§ **Data to examine**:
Segment Open
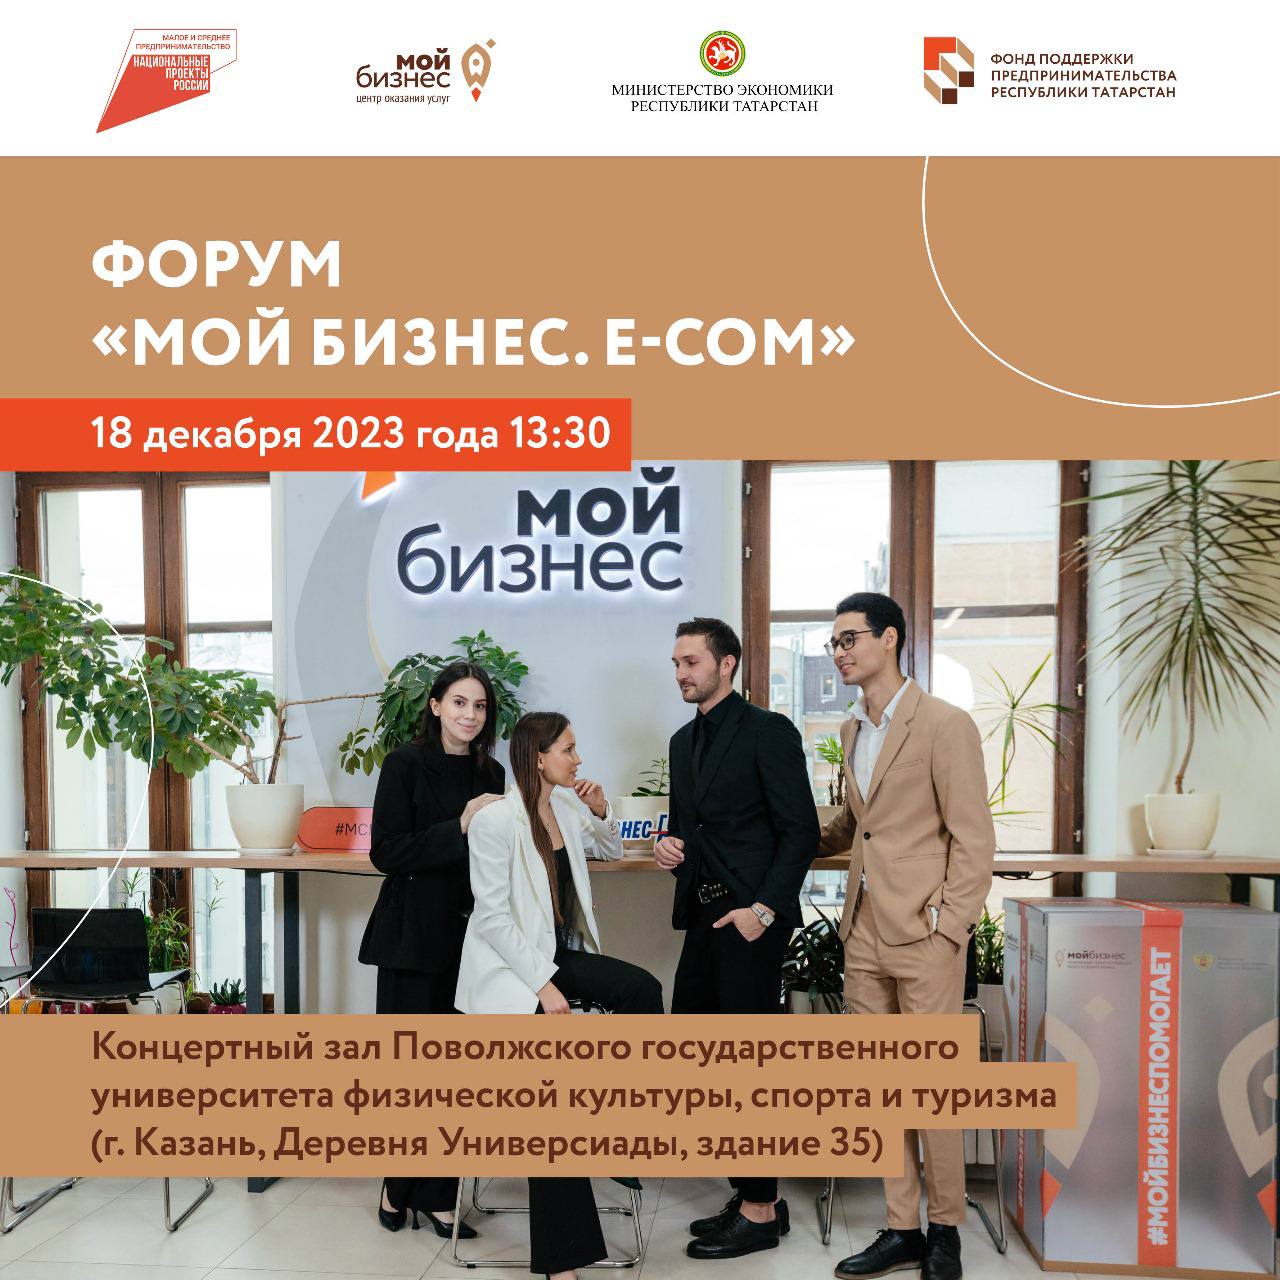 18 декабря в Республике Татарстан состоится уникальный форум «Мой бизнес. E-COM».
Segment Closed
Segment Open
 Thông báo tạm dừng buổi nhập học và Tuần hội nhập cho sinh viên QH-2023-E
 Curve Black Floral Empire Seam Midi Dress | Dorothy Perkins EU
Segment Closed
§ **Aim of the task**:
Look above for the line holding "Thông báo tạm" and the line holding "Curve Black Floral". Retype both, and every line between them, word for word and nothing else.

§ **Response area**:
 Thông báo tạm dừng buổi nhập học và Tuần hội nhập cho sinh viên QH-2023-E
 Curve Black Floral Empire Seam Midi Dress | Dorothy Perkins EU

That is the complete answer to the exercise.